TRY IT
Reproduce every record exactly as given.

Items listed in a dataset:
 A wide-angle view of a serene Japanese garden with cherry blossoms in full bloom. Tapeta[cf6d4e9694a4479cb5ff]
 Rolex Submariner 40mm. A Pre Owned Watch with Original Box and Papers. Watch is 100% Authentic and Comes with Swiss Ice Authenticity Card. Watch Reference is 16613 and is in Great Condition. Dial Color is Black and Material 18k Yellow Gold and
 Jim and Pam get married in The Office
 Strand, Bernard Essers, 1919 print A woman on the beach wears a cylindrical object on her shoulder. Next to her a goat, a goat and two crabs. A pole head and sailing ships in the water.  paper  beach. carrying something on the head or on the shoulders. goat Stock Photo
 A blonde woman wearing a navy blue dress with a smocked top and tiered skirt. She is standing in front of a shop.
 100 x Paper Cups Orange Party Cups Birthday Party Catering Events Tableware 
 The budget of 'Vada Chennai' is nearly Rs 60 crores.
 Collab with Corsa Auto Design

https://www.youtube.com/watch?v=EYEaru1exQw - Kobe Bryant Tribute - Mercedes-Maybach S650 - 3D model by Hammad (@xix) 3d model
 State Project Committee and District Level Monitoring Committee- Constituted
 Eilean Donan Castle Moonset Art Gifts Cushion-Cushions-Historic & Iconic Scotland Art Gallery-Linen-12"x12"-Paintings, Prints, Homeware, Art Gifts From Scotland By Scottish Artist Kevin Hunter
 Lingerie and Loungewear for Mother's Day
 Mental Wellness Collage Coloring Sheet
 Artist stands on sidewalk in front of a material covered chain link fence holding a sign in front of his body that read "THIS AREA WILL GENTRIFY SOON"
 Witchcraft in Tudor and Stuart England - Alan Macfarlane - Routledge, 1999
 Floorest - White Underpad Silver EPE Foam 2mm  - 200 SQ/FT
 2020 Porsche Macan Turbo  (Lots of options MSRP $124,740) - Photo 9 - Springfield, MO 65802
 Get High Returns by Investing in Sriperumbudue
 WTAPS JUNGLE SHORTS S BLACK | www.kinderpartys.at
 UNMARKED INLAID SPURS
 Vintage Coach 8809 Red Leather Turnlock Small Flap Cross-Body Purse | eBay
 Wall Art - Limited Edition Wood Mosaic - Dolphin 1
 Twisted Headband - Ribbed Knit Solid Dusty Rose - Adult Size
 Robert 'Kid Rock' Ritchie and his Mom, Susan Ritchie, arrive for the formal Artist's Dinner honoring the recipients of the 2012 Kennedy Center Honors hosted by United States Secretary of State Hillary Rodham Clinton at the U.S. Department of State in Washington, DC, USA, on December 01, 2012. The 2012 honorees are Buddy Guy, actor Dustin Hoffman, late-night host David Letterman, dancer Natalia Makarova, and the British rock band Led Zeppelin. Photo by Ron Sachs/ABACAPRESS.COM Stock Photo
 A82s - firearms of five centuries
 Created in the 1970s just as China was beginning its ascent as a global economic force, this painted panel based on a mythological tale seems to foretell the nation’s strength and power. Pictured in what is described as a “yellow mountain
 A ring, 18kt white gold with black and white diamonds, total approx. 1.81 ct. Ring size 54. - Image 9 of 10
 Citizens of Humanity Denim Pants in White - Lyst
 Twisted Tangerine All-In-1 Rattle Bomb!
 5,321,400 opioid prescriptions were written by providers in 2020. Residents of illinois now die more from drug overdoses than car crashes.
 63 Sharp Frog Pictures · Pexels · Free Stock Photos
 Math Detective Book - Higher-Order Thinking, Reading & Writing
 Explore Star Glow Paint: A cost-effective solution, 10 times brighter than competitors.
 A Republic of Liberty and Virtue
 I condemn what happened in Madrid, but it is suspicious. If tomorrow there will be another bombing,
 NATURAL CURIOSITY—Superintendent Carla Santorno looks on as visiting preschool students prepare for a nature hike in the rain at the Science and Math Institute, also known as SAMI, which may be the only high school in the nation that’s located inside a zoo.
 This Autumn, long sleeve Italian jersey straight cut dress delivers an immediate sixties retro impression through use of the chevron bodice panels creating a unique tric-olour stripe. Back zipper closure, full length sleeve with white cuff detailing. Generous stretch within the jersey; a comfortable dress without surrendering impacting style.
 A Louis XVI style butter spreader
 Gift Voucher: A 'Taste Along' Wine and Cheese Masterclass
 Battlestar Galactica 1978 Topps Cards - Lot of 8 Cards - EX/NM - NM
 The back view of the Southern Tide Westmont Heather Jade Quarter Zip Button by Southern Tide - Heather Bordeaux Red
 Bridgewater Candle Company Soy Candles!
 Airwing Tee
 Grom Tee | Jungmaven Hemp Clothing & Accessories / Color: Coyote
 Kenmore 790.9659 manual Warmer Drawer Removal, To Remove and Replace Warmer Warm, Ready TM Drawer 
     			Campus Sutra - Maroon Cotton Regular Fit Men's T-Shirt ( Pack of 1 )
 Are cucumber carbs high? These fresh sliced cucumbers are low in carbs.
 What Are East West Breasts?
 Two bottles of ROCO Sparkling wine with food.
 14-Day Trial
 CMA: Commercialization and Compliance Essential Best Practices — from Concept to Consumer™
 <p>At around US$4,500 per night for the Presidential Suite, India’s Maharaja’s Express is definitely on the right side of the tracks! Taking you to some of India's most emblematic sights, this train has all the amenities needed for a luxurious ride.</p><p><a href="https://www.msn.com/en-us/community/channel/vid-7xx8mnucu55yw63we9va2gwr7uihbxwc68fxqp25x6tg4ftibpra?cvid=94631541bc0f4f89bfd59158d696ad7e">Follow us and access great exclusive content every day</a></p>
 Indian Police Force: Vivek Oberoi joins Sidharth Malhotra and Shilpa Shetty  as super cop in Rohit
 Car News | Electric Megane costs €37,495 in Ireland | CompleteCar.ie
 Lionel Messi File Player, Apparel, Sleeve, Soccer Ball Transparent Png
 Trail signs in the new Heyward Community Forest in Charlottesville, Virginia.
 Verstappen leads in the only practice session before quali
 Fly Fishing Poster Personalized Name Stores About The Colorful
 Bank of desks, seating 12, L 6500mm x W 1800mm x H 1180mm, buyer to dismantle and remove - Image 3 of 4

RESULT FOR THIS TASK
 A wide-angle view of a serene Japanese garden with cherry blossoms in full bloom. Tapeta[cf6d4e9694a4479cb5ff]
 Rolex Submariner 40mm. A Pre Owned Watch with Original Box and Papers. Watch is 100% Authentic and Comes with Swiss Ice Authenticity Card. Watch Reference is 16613 and is in Great Condition. Dial Color is Black and Material 18k Yellow Gold and
 Jim and Pam get married in The Office
 Strand, Bernard Essers, 1919 print A woman on the beach wears a cylindrical object on her shoulder. Next to her a goat, a goat and two crabs. A pole head and sailing ships in the water.  paper  beach. carrying something on the head or on the shoulders. goat Stock Photo
 A blonde woman wearing a navy blue dress with a smocked top and tiered skirt. She is standing in front of a shop.
 100 x Paper Cups Orange Party Cups Birthday Party Catering Events Tableware 
 The budget of 'Vada Chennai' is nearly Rs 60 crores.
 Collab with Corsa Auto Design

https://www.youtube.com/watch?v=EYEaru1exQw - Kobe Bryant Tribute - Mercedes-Maybach S650 - 3D model by Hammad (@xix) 3d model
 State Project Committee and District Level Monitoring Committee- Constituted
 Eilean Donan Castle Moonset Art Gifts Cushion-Cushions-Historic & Iconic Scotland Art Gallery-Linen-12"x12"-Paintings, Prints, Homeware, Art Gifts From Scotland By Scottish Artist Kevin Hunter
 Lingerie and Loungewear for Mother's Day
 Mental Wellness Collage Coloring Sheet
 Artist stands on sidewalk in front of a material covered chain link fence holding a sign in front of his body that read "THIS AREA WILL GENTRIFY SOON"
 Witchcraft in Tudor and Stuart England - Alan Macfarlane - Routledge, 1999
 Floorest - White Underpad Silver EPE Foam 2mm  - 200 SQ/FT
 2020 Porsche Macan Turbo  (Lots of options MSRP $124,740) - Photo 9 - Springfield, MO 65802
 Get High Returns by Investing in Sriperumbudue
 WTAPS JUNGLE SHORTS S BLACK | www.kinderpartys.at
 UNMARKED INLAID SPURS
 Vintage Coach 8809 Red Leather Turnlock Small Flap Cross-Body Purse | eBay
 Wall Art - Limited Edition Wood Mosaic - Dolphin 1
 Twisted Headband - Ribbed Knit Solid Dusty Rose - Adult Size
 Robert 'Kid Rock' Ritchie and his Mom, Susan Ritchie, arrive for the formal Artist's Dinner honoring the recipients of the 2012 Kennedy Center Honors hosted by United States Secretary of State Hillary Rodham Clinton at the U.S. Department of State in Washington, DC, USA, on December 01, 2012. The 2012 honorees are Buddy Guy, actor Dustin Hoffman, late-night host David Letterman, dancer Natalia Makarova, and the British rock band Led Zeppelin. Photo by Ron Sachs/ABACAPRESS.COM Stock Photo
 A82s - firearms of five centuries
 Created in the 1970s just as China was beginning its ascent as a global economic force, this painted panel based on a mythological tale seems to foretell the nation’s strength and power. Pictured in what is described as a “yellow mountain
 A ring, 18kt white gold with black and white diamonds, total approx. 1.81 ct. Ring size 54. - Image 9 of 10
 Citizens of Humanity Denim Pants in White - Lyst
 Twisted Tangerine All-In-1 Rattle Bomb!
 5,321,400 opioid prescriptions were written by providers in 2020. Residents of illinois now die more from drug overdoses than car crashes.
 63 Sharp Frog Pictures · Pexels · Free Stock Photos
 Math Detective Book - Higher-Order Thinking, Reading & Writing
 Explore Star Glow Paint: A cost-effective solution, 10 times brighter than competitors.
 A Republic of Liberty and Virtue
 I condemn what happened in Madrid, but it is suspicious. If tomorrow there will be another bombing,
 NATURAL CURIOSITY—Superintendent Carla Santorno looks on as visiting preschool students prepare for a nature hike in the rain at the Science and Math Institute, also known as SAMI, which may be the only high school in the nation that’s located inside a zoo.
 This Autumn, long sleeve Italian jersey straight cut dress delivers an immediate sixties retro impression through use of the chevron bodice panels creating a unique tric-olour stripe. Back zipper closure, full length sleeve with white cuff detailing. Generous stretch within the jersey; a comfortable dress without surrendering impacting style.
 A Louis XVI style butter spreader
 Gift Voucher: A 'Taste Along' Wine and Cheese Masterclass
 Battlestar Galactica 1978 Topps Cards - Lot of 8 Cards - EX/NM - NM
 The back view of the Southern Tide Westmont Heather Jade Quarter Zip Button by Southern Tide - Heather Bordeaux Red
 Bridgewater Candle Company Soy Candles!
 Airwing Tee
 Grom Tee | Jungmaven Hemp Clothing & Accessories / Color: Coyote
 Kenmore 790.9659 manual Warmer Drawer Removal, To Remove and Replace Warmer Warm, Ready TM Drawer 
     			Campus Sutra - Maroon Cotton Regular Fit Men's T-Shirt ( Pack of 1 )
 Are cucumber carbs high? These fresh sliced cucumbers are low in carbs.
 What Are East West Breasts?
 Two bottles of ROCO Sparkling wine with food.
 14-Day Trial
 CMA: Commercialization and Compliance Essential Best Practices — from Concept to Consumer™
 <p>At around US$4,500 per night for the Presidential Suite, India’s Maharaja’s Express is definitely on the right side of the tracks! Taking you to some of India's most emblematic sights, this train has all the amenities needed for a luxurious ride.</p><p><a href="https://www.msn.com/en-us/community/channel/vid-7xx8mnucu55yw63we9va2gwr7uihbxwc68fxqp25x6tg4ftibpra?cvid=94631541bc0f4f89bfd59158d696ad7e">Follow us and access great exclusive content every day</a></p>
 Indian Police Force: Vivek Oberoi joins Sidharth Malhotra and Shilpa Shetty  as super cop in Rohit
 Car News | Electric Megane costs €37,495 in Ireland | CompleteCar.ie
 Lionel Messi File Player, Apparel, Sleeve, Soccer Ball Transparent Png
 Trail signs in the new Heyward Community Forest in Charlottesville, Virginia.
 Verstappen leads in the only practice session before quali
 Fly Fishing Poster Personalized Name Stores About The Colorful
 Bank of desks, seating 12, L 6500mm x W 1800mm x H 1180mm, buyer to dismantle and remove - Image 3 of 4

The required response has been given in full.